Well, you could implement the following “brutal fix”.

As I understand, your whole experimental data “sample” produces a THnSparse which is too big to be stored in a ROOT file.

So, try to “split” / “divide” your whole experimental data “sample” into several “subsamples” (or even several tens of “subsamples”, if needed).

Each “subsample” would then (possibly / hopefully) produce a much smaller “partial” THnSparse and you should be able to store these “partial” histograms in a ROOT file, either directly as separate objects or in a TTree. You could create a single ROOT file with all “partial” histograms or one ROOT file per “partial” histogram.

So, if your raw experimental data are spread across multiple files, you could take each raw experimental data file as one physical “subsample” or, if you have just one single file with all raw experimental data, simply divide the total number of events by some number and create that many logical “subsamples” (or one “subsample” per an hour or a day or a week of measurements).

Another (quite clever) way to split your data into “subsamples” would be to monitor the actual total number of bins of your THnSparse, when you fill it (THnSparse::GetNbins). Once this number reaches a certain maximum value (defined by you, it should be small enough that you can still save this histogram in a ROOT file, let’s say 10 to 50 million bins could be fine, I guess), you simply write the current “partial” THnSparse histogram to a ROOT file, then you recreate the THnSparse histogram (or reset it so that all previous bins are gone) and continue the filling with this next “partial” histogram.

For test purposes, I created some 4096x4096x4096 3 dimensional THnSparse histograms and I filled them in a random way (with random values). I have found that the average TFile buffer/basket size needed by such histograms can easily be estimated as follows.

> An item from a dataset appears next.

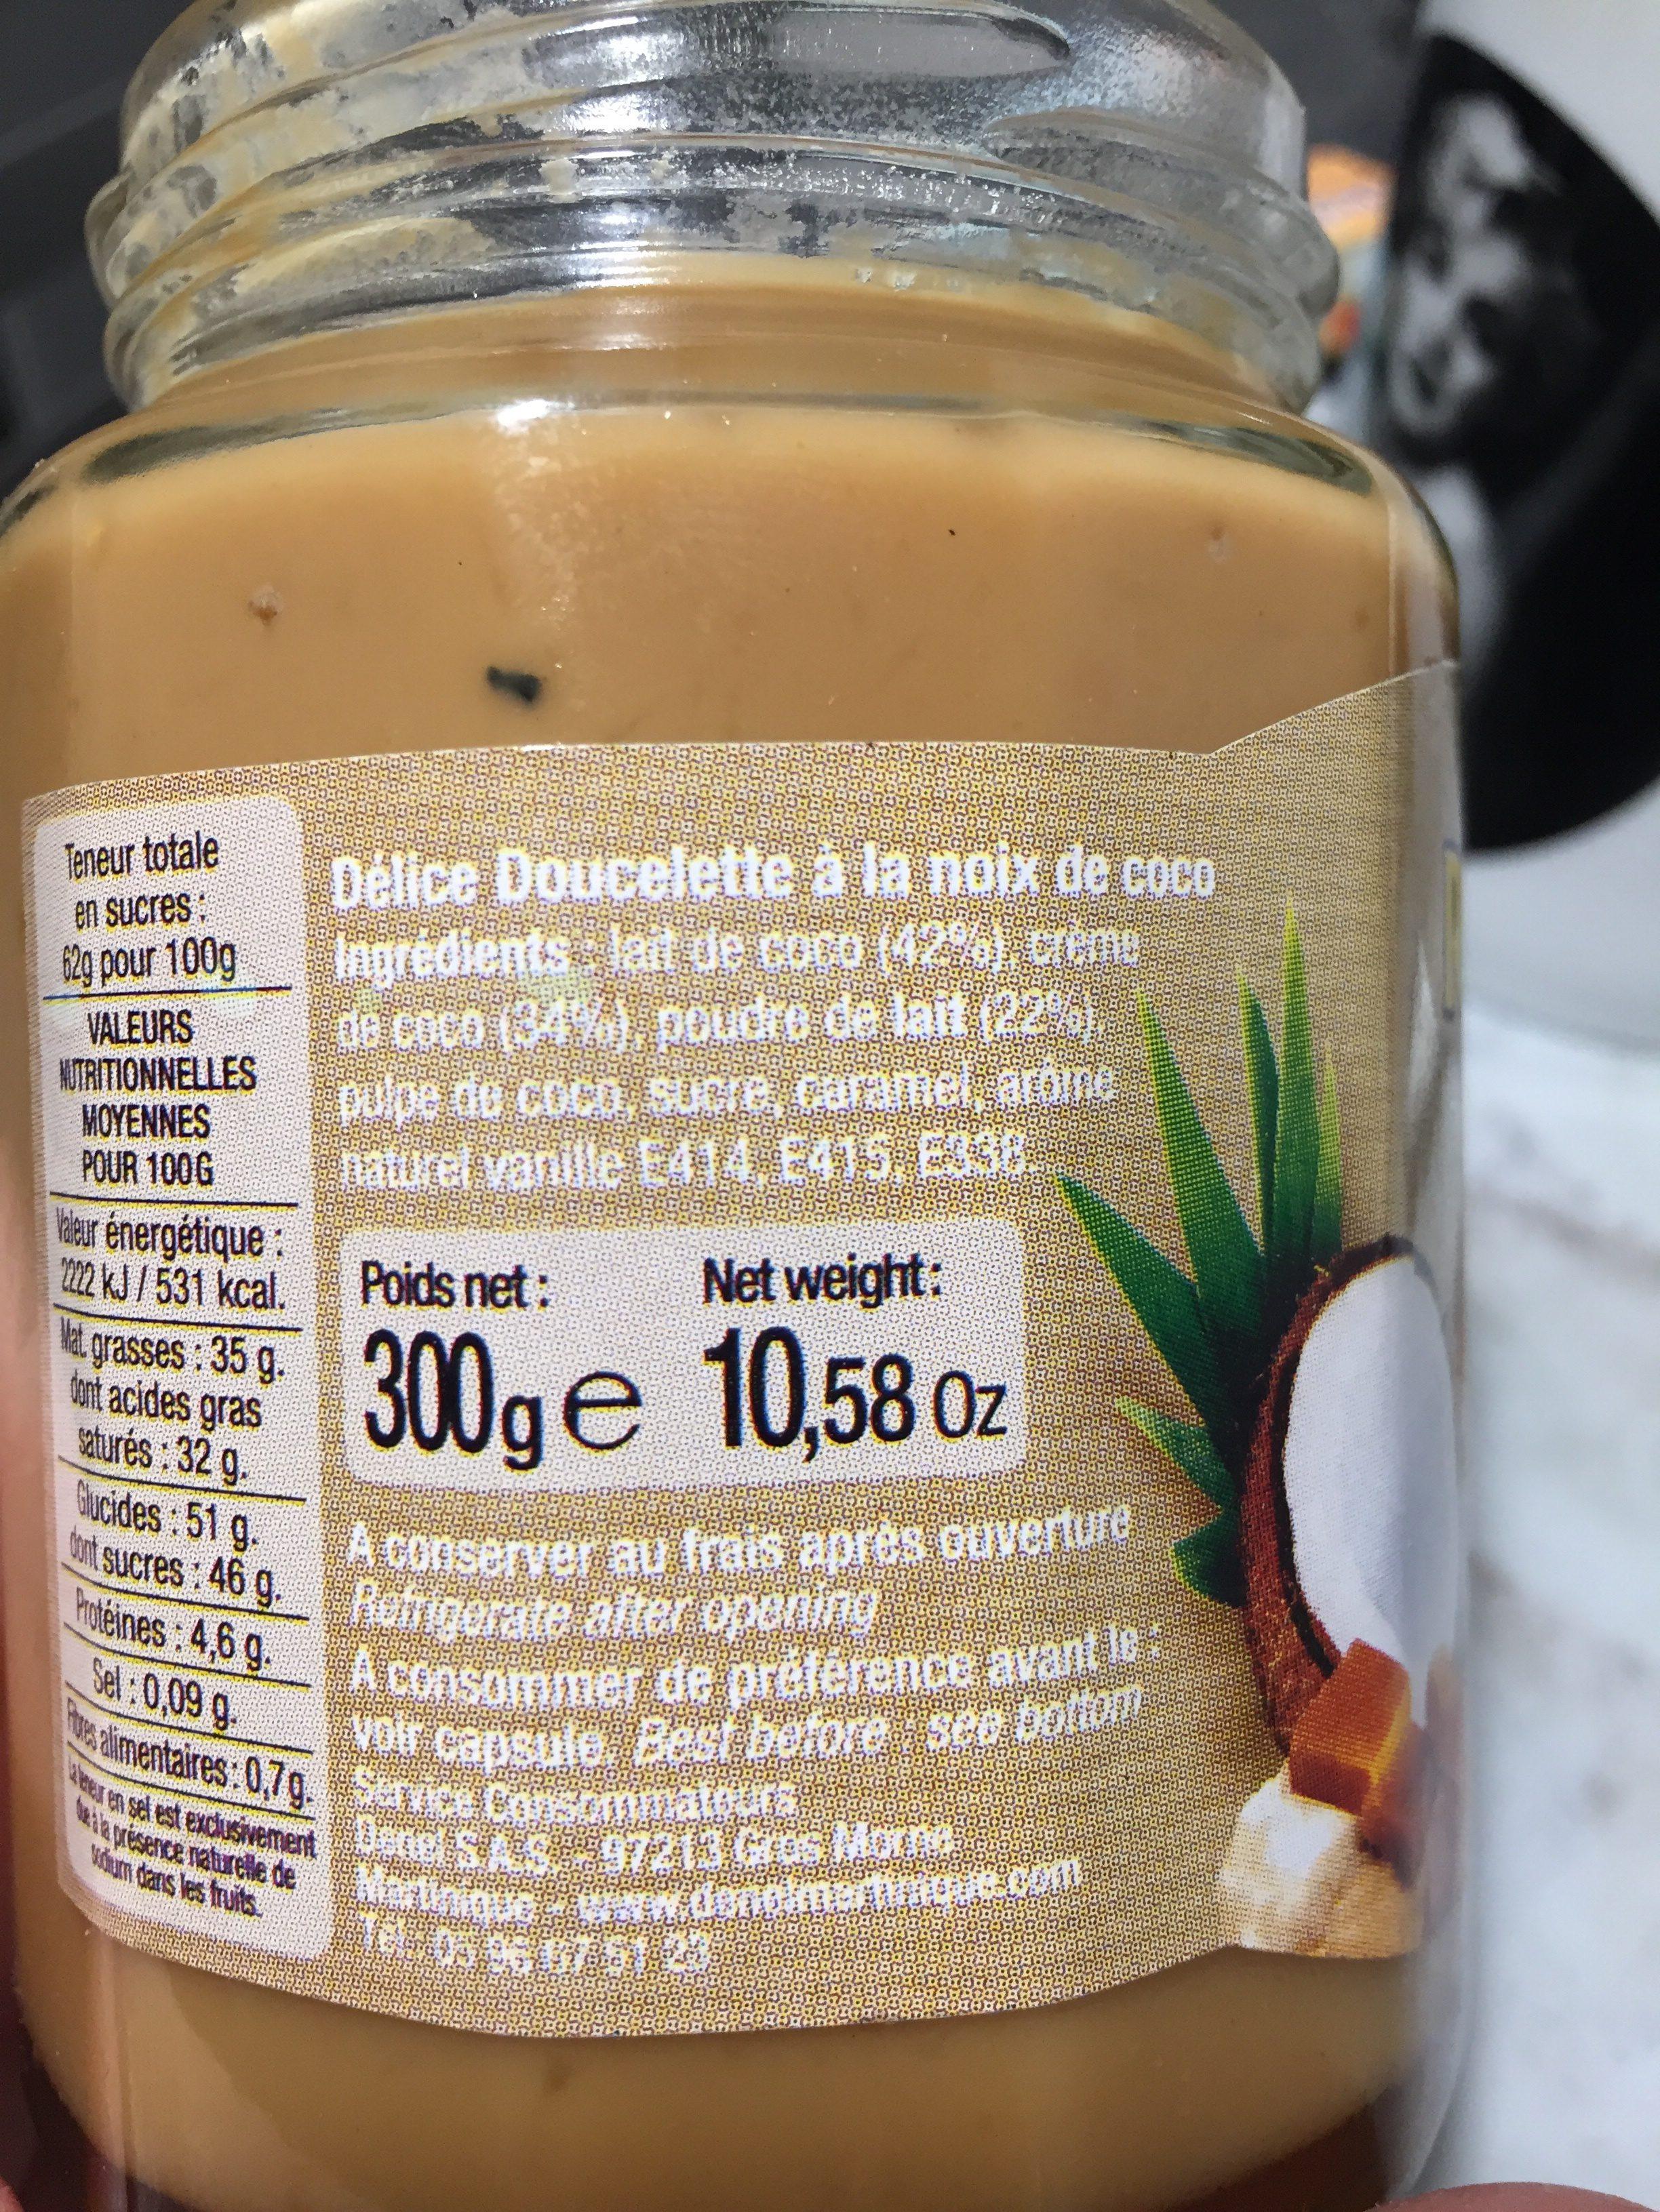 Délice doucelette coconut - Ingredients - fr

For histograms filled without weights one needs “number_of_filled_bins * (sizeof(bin) + 5)”, while for histograms for which THnSparse::Sumw2() has been called one needs “number_of_filled_bins * (sizeof(bin) + 13)” (i.e. weights are always “Double_t”), where the “sizeof(bin)” is 8 for “Double_t” and “Long_t” and 4 for “Float_t” and “Int_t” and the “number_of_filled_bins” is given by THnSparse::GetNbins().

Then, you just need a simple small ROOT macro, which reads / retrieves all “partial” histograms (from a single or from many ROOT files) and adds them in RAM. Well, you will always need to run this macro at the beginning of your ROOT session, of course … but that should really be very fast.

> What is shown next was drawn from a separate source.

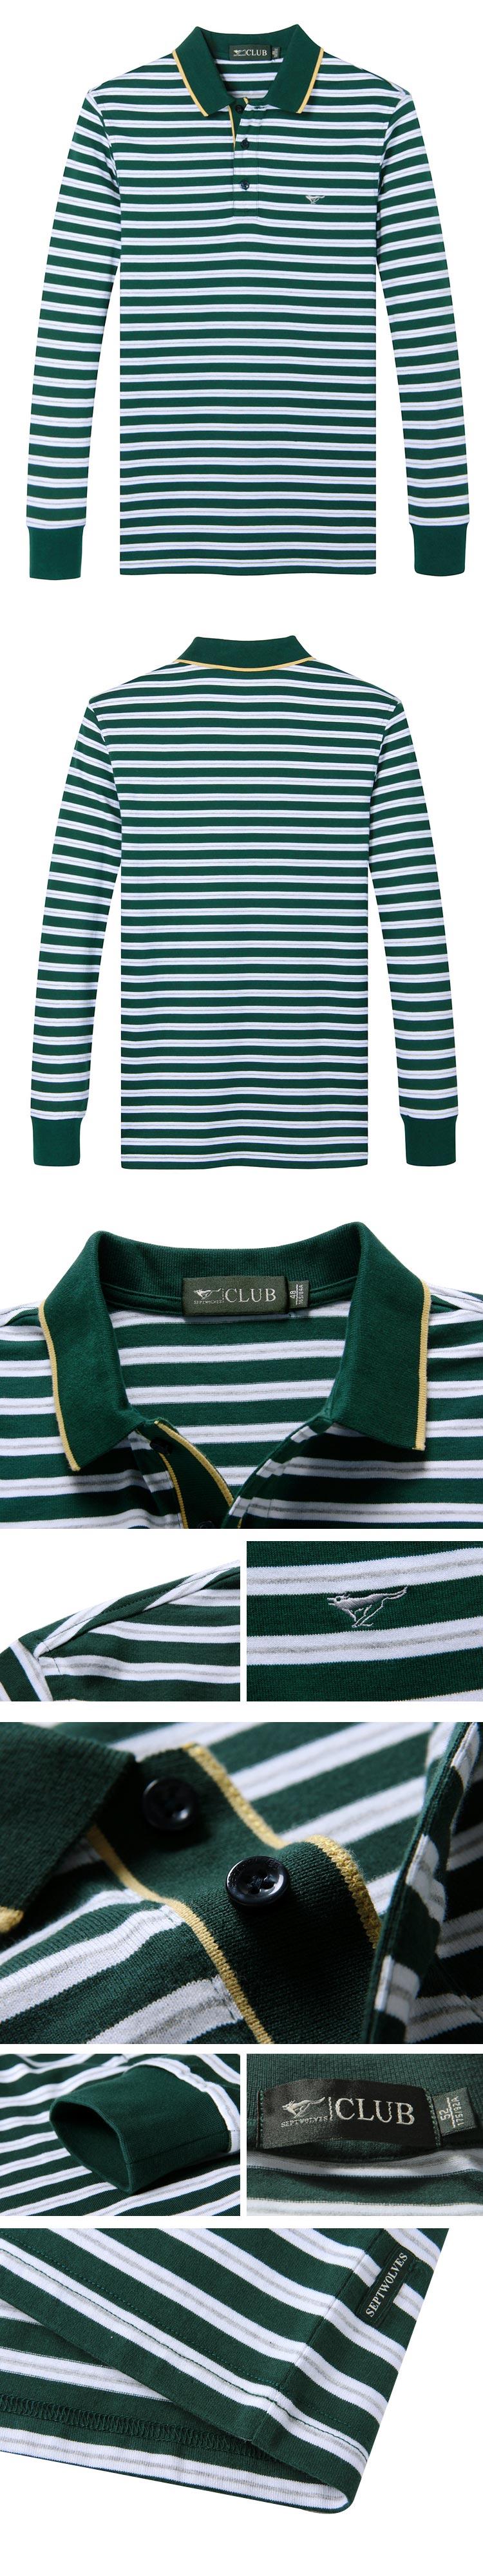 墨绿色条纹纯棉长袖t恤polo衫

pcanal · October 25, 2018, 2:29pm

Alternatively (and I can not be precise not knowing your data flow and data layout), where you do

double some_var = ....;
double some_value = ....;
for( some condition ) {
    some_var = ....;
    some_value = ....;
    sparseHisto->Fill( some_var, somevalue);
}

do

double some_var = ....;
double some_value = ....;
tree->Branch("some_var",&some_var);
tree->Branch("some_value",&some_value);
for( some condition ) {
    some_var = ....;
    some_value = ....;
    tree->Fill();
}

then when reading the file use RDataFrame (or MakeSelector or other way of looping through the TTree) to recreate the THnSparse.

Cheers,
Philippe.

dudouet · October 25, 2018, 2:37pm

Thank you for your help. Anyway, all of these solutions are not very user friendly. Doing a simple projection will takes time and it needs to be done in few seconds to be competitive with the old softwares that handle this kind of cube. I don’t understand how they did to handle cubes up to 8192x8192x8192, in files of few GB, and doing projections in around one second…

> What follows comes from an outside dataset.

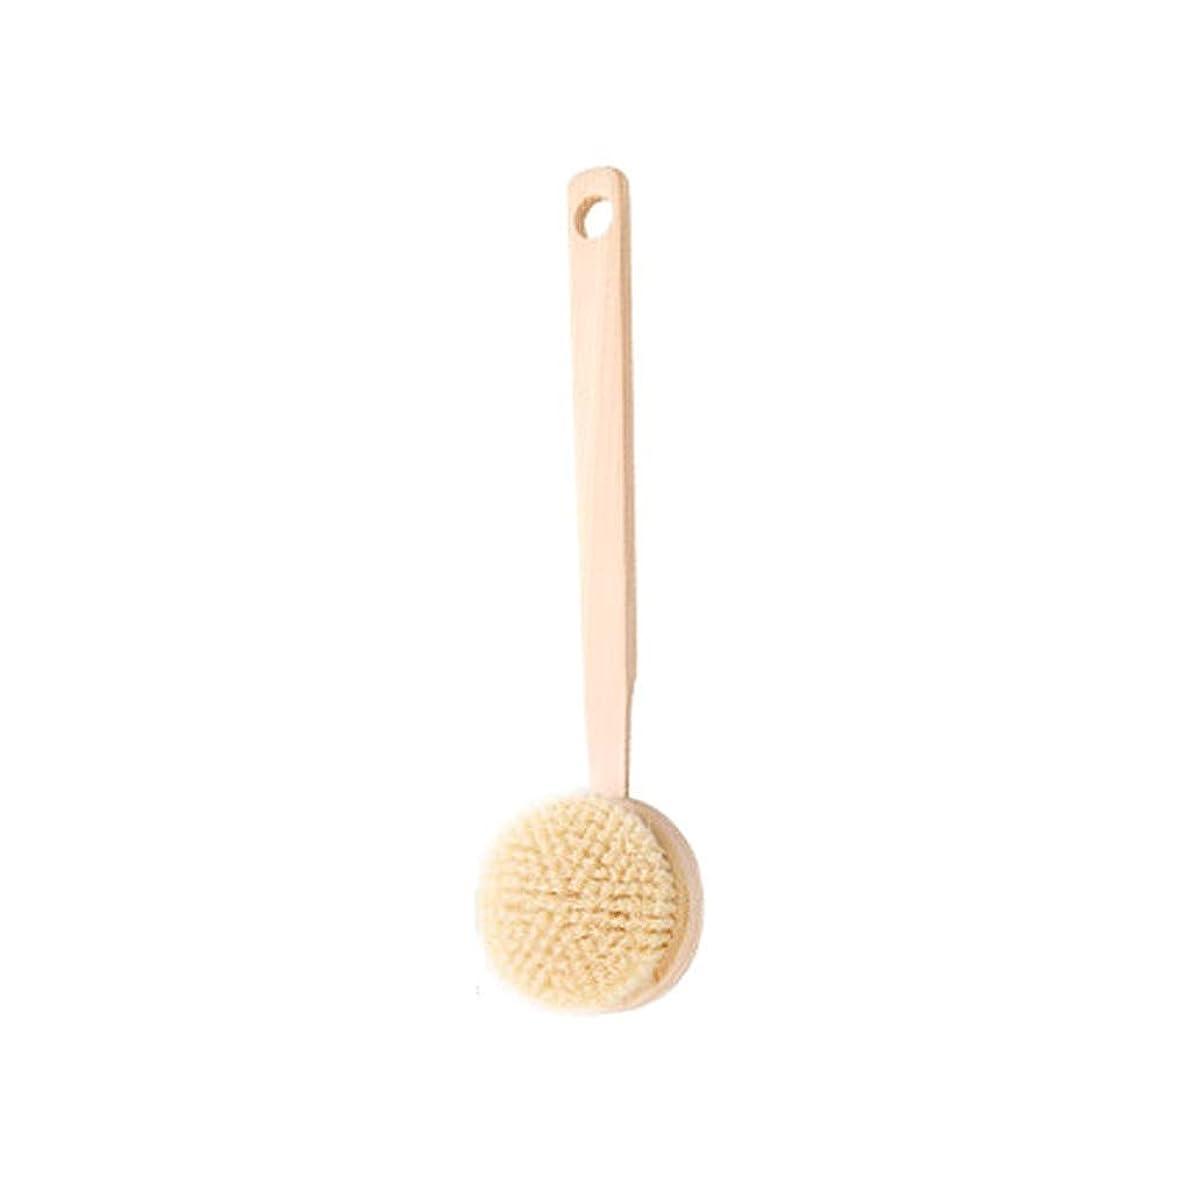 尊敬する入浴中級バスブラシバックブラシロングハンドルやわらかい毛髪バスブラシバスブラシ角質除去クリーニングブラシ (Color : A)

When I want to plot a projection of gamma-gamma-gamma coincidence (the 1d spectrum of gamma rays which are in coincidence with two other ones giving specific energy ranges), I need the full statistics of my experiment. If I need to do that on many subfiles and then sum them it will be a nightmare.

Wile_E_Coyote · October 25, 2018, 3:15pm

Once you have the total THnSparse in RAM (either by summing up “partial” histograms or by creating it directly from a TTree), you can make as many projections as you want (no need to recreate / refill the THnSparse if you do not exit your ROOT session).

system · November 8, 2018, 3:21pm

This topic was automatically closed 14 days after the last reply. New replies are no longer allowed.